3.2. The Analysis of the Primary Observations

There were no significant differences in the GH and GDM (Table 3).

Table 3.

Primary observations evaluated by the chi-square test.

Variable Constitution group χ 2 p
Balanced (n = 90) Unbalanced (n = 145)
Gestational hypertension (yes), n (%) 2 (2.3) 1 (0.7) 0.56#
Gestational diabetes (yes), n (%) 3 (3.5) 13 (9.2) 2.68 0.10

# p value of Fisher's exact test.

3.3. The Analysis of Secondary Observations during Pregnancy

Women with unbalanced constitution underwent more severe nausea and vomiting (χ 2 = 7.47, p = 0.01) (Table 4), especially among the women aged greater than or equal to 30 years. Women with unbalanced constitution experienced poorer sleep during pregnancy (χ 2 = 8.22, p = 0.00) (Table 4), especially among the women aged less than 30 years. There were no significant differences among the signs of miscarriage, miscarriage, and defecation during pregnancy (Table 4).

Table 4.

The secondary observations assessed by the chi-square test.

Variable Constitution group χ 2/t p
Balanced (n = 90) Unbalanced (n = 145)
Nausea and vomiting influencing diet, n (%) 7.47 0.01
 None 35 (38.9) 27 (18.6)
 <1 week 15 (16.7) 32 (22.1)
 1 week-2 weeks 29 (32.2) 64 (44.1)
 >2 weeks 11 (12. 2) 22 (15.2)
Sign of miscarriage (yes), n (%) 18 (20.5) 27 (18.9) 0.09 0.77
Miscarriage (yes), n (%) 4 (4.4) 4 (2.8) 0.49#
Sleepiness during pregnancy, n (%) 8.22 0.00
 Good 67 (77.9) 86 (61.0)
 Moderate 19 (22.1) 50 (35.5)
 Poor 0 (0.0) 5 (3.6)
Defecation during pregnancy, n (%) 0.52 0.47
 Good 73 (84.9) 115 (81.6)
 Moderate 12 (14.0) 23 (16.3)
 Poor 1 (1.2) 3 (2.1)

# p value of Fisher's exact test; value of Mantel-Haenszel chi-square.
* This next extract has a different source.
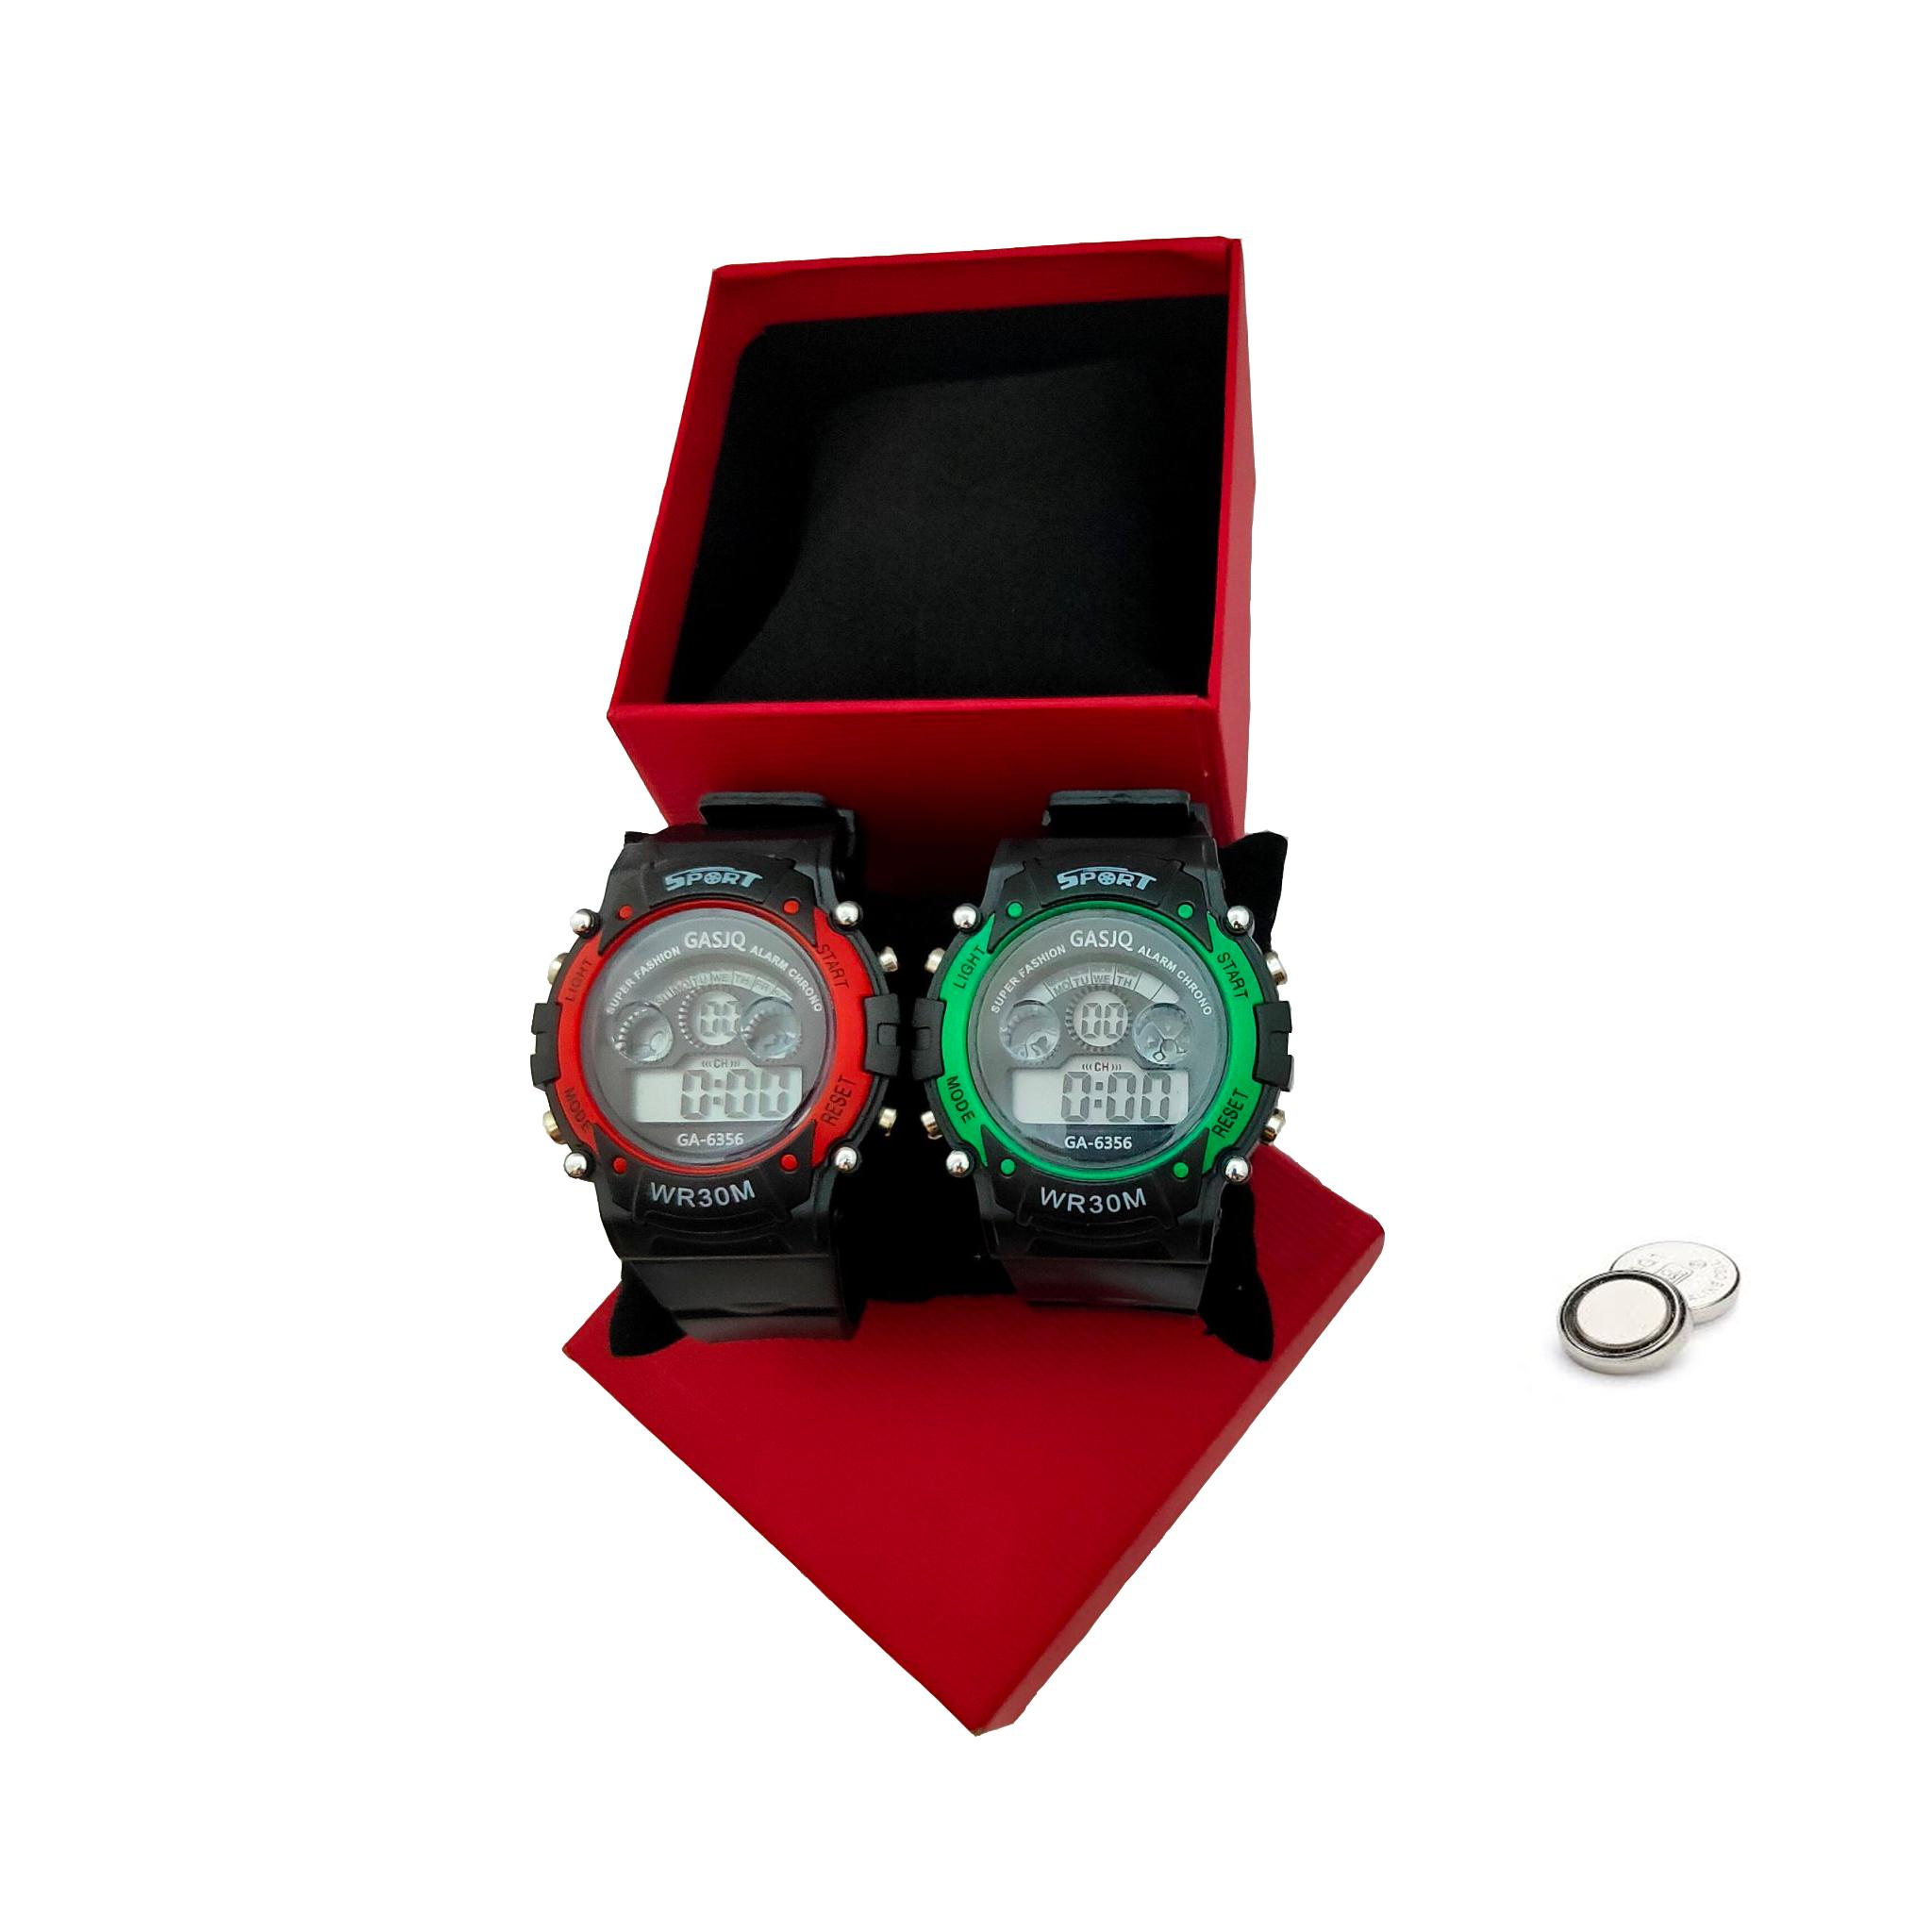 Đồng hồ trẻ em_ Tặng bộ lắp ghép mô hình 5
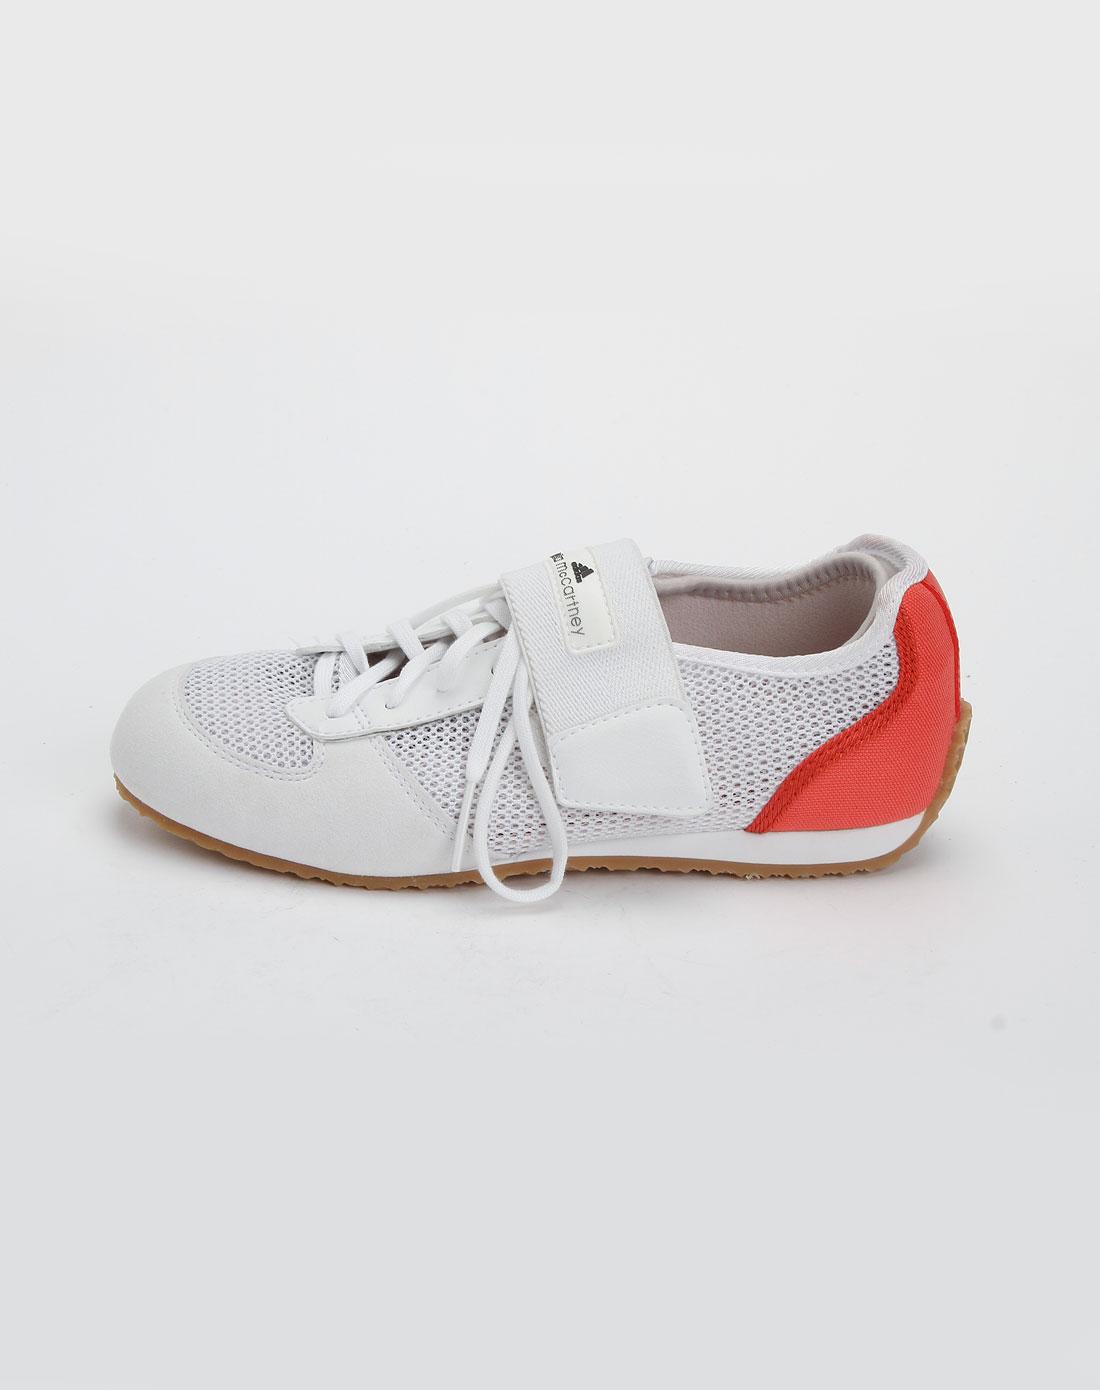 女款白色休闲绑带运动鞋g19415

3.4. The Logistic Regression Analysis of Pregnant Outcomes

Because the baseline variables (i.e., job stress, interpersonal relationship stress, economic stress, and aversions to vegetable) were found significantly different between the two groups and the observations (i.e., nausea and vomiting and sleepiness during pregnancy) were found significantly and negatively associated with the balanced constitution, we built two models in the logistic regression analysis controlled for job stress, interpersonal relationship stress, economic stress, and aversions to vegetable. It was showed that, compared to balanced constitution, unbalanced constitution easily brings about nausea and vomiting influencing diet (OR, 95% CI; 2.58, 1.38–4.82) and poor sleep during pregnancy (OR, 95% CI; 2.24, 1.17–4.29) (Table 5).

Table 5.

The logistic models of nausea and vomiting and sleep during pregnancy.

Variables β SE Wald p OR 95% CI
Model 1
TCM constitution 0.47 0.16 8.79 0.00 2.58 (1.38, 4.82)
Job stress 0.36 0.32 1.24 0.27 1.43 (0.76, 2.70)
Interpersonal relationship stress 0.45 0.41 1.18 0.28 1.56 (0.59, 2.13)
Economic stress 0.11 0.33 0.12 0.73 2.58 (0.70, 3.49)
Aversions to vegetable 0.36 0.28 1.79 0.18 2.08 (0.71, 6.07)
Model 2
TCM constitution 0.40 0.17 5.94 0.01 2.24 (1.17, 4.29)
Job stress −0.08 0.31 0.07 0.79 0.92 (0.50, 1.70)
Interpersonal relationship stress 1.25 0.36 12.10 0.00 3.48 (1.72, 7.03)
Economic stress −0.35 0.32 1.23 0.27 0.70 (0.38, 1.31)
Aversions to vegetable 0.55 0.31 3.19 0.07 3.01 (0.90, 10.08)

Model 1: nausea and vomiting influencing diet are the dependent variable.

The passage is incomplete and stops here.